RIO-Diabetes - RIO-Diabetes
The goal of the trial was to evaluate the efficacy and safety of rimonabant, a selective cannabinoid type 1 (CB1) receptor antagonist, compared with placebo for weight reduction among overweight or obese patients with type 2 diabetes.
Treatment with rimonabant will be associated with a greater weight loss than placebo among overweight or obese patients with type 2 diabetes.
Patients Screened: 2,405
Patients Enrolled: 1,045
Mean Follow Up: 1 year
Mean Patient Age: Mean age 56 years
Ages 18-70 years; type 2 diabetes treated with metformin or sulphonylurea monotherapy for ≥6 months but who remained inadequately controlled; body mass index 27-40 kg/m2; HbA1c 6.5%-10.0%; and fasting glucose concentration of 5.55-15.04 mmol/L
Unstable bodyweight (>5 kg variation within past 3 months); any clinically significant disorder; systolic blood pressure >160 mm Hg or diastolic blood pressure >95 mm Hg; pregnancy or lactation; recent or planned changes in smoking status; use of anti-obesity drugs within the past 3 months; or use of any medication known to affect body weight
Weight change from baseline after 1 year of treatment
Changes in HbA1c, high-density lipoprotein cholesterol, triglyceride, fasting glucose, fasting insulin, high-sensitivity C-reactive protein, and leptin concentrations; prevalence of metabolic syndrome; waist circumference; and blood pressure
Diabetic patients already on metformin or sulphonylurea monotherapy were randomized in a double-blind manner to rimonabant 5 mg (n = 358), rimonabant 20 mg (n = 339), or placebo (n = 348) for 1 year. Patients in all groups were instructed to reduce caloric intake and to increase physical activity.
The mean weight at screening was 96.3 kg. The study was completed through 1 year in 66.2% of the trial, with little variation by randomization group. Weight loss at 1 year was greater in the rimonabant 20 mg group (5.3 kg) and the rimonabant 5 mg group (2.3 kg) than the placebo group (1.4 kg; p < 0.001 for 20 mg comparison, p = 0.01 for 5 mg comparison).

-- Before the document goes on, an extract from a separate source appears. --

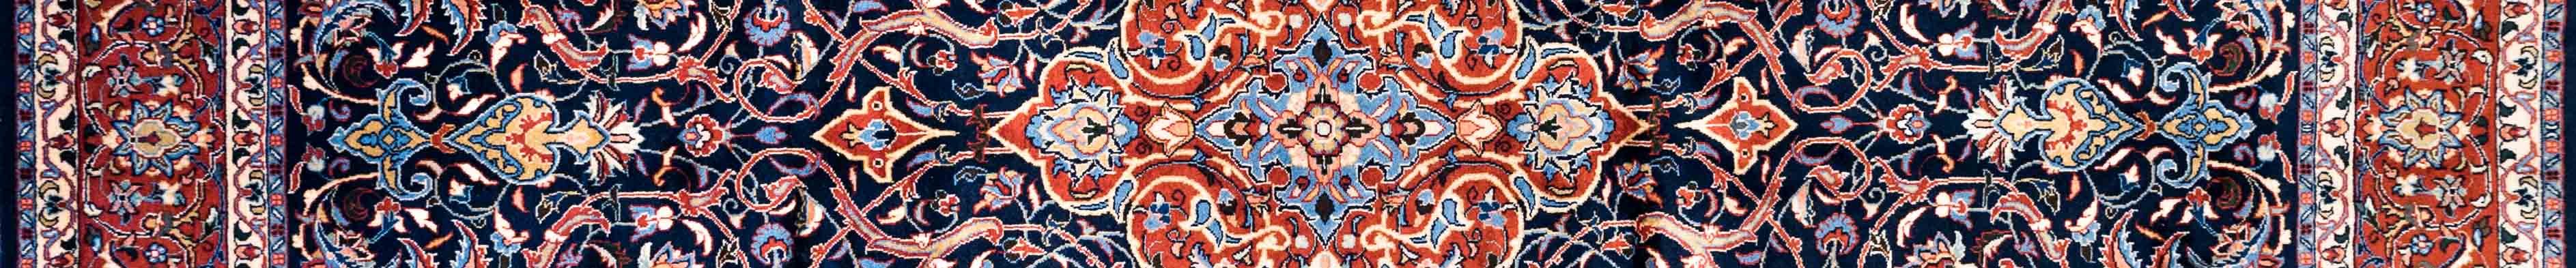 Sarouq Persian Carpet Rug N1Carpet Canada Montreal Tapis Persan 2900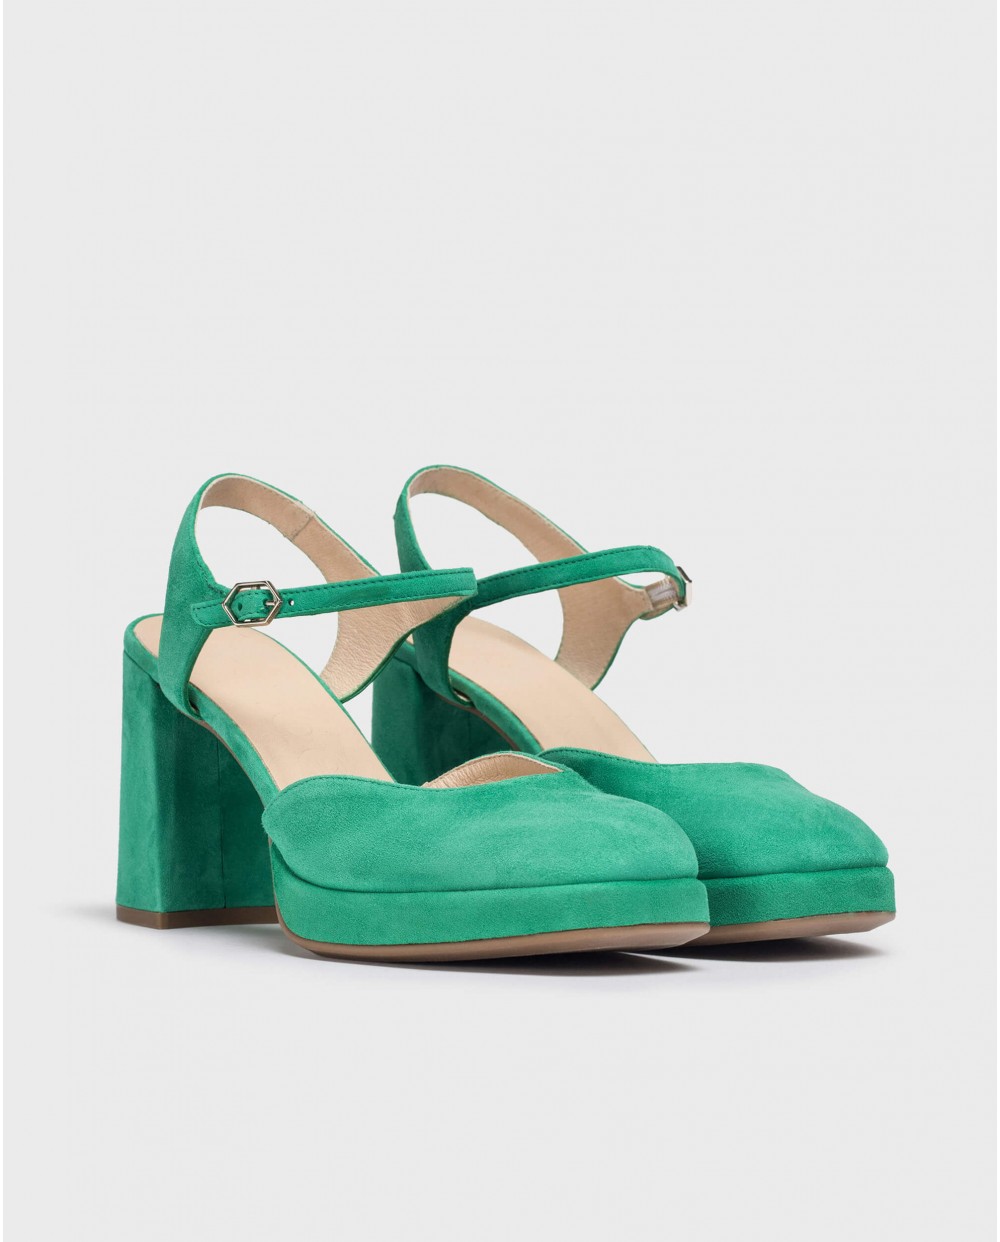 Wonders-Heels-Green Blue Shoes

Compared with placebo (14.5%), loss of ≥5% of initial body weight was more frequent in patients randomized to rimonabant 20 mg (49.4%; p < 0.001) and rimonabant 5 mg (21.7%; p = 0.02). Similar results were reported for loss of ≥10% of initial body weight (16.4% for 20 mg, 6.2% for 5 mg, 2.0% for placebo; p < 0.001 for 20 mg vs. placebo and p = 0.01 for 5 mg vs. placebo). Additionally, waist circumference reduction was greater in the rimonabant groups compared with placebo (5.2 cm for 20 mg, 2.9 cm for 5 mg, 1.9 cm for placebo; p < 0.001 for 20 mg vs. placebo and p = 0.02 for 5 mg vs. placebo).
Glycosylated hemoglobin (HbA1c) at 1 year was reduced by 0.6% in the rimonabant 20 mg and by 0.1% in the 5 mg group, but increased by 0.1% in the placebo group (p < 0.001 for 20 mg vs. placebo and p = 0.03 for 5 mg vs. placebo). Fasting glucose at 1 year was reduced in the rimonabant 20 mg group compared with placebo (-0.64 mmol/L vs. +0.33 mmol/L, p < 0.001), but did not differ for the 5 mg group (+0.33 mmol/L, p = 0.86 vs. placebo).
Discontinuations due to adverse events by 1 year were higher in the rimonabant 20 mg group (15% in 20 mg rimonabant group, 8% for 5 mg, and 5% in placebo group). Psychiatric causes leading to discontinuation included depressed mood disorder (3% for rimonabant 20 mg, 0.9% for placebo), anxiety (0.6% for rimonabant 20 mg), and aggression (0.6% for rimonabant 5 mg).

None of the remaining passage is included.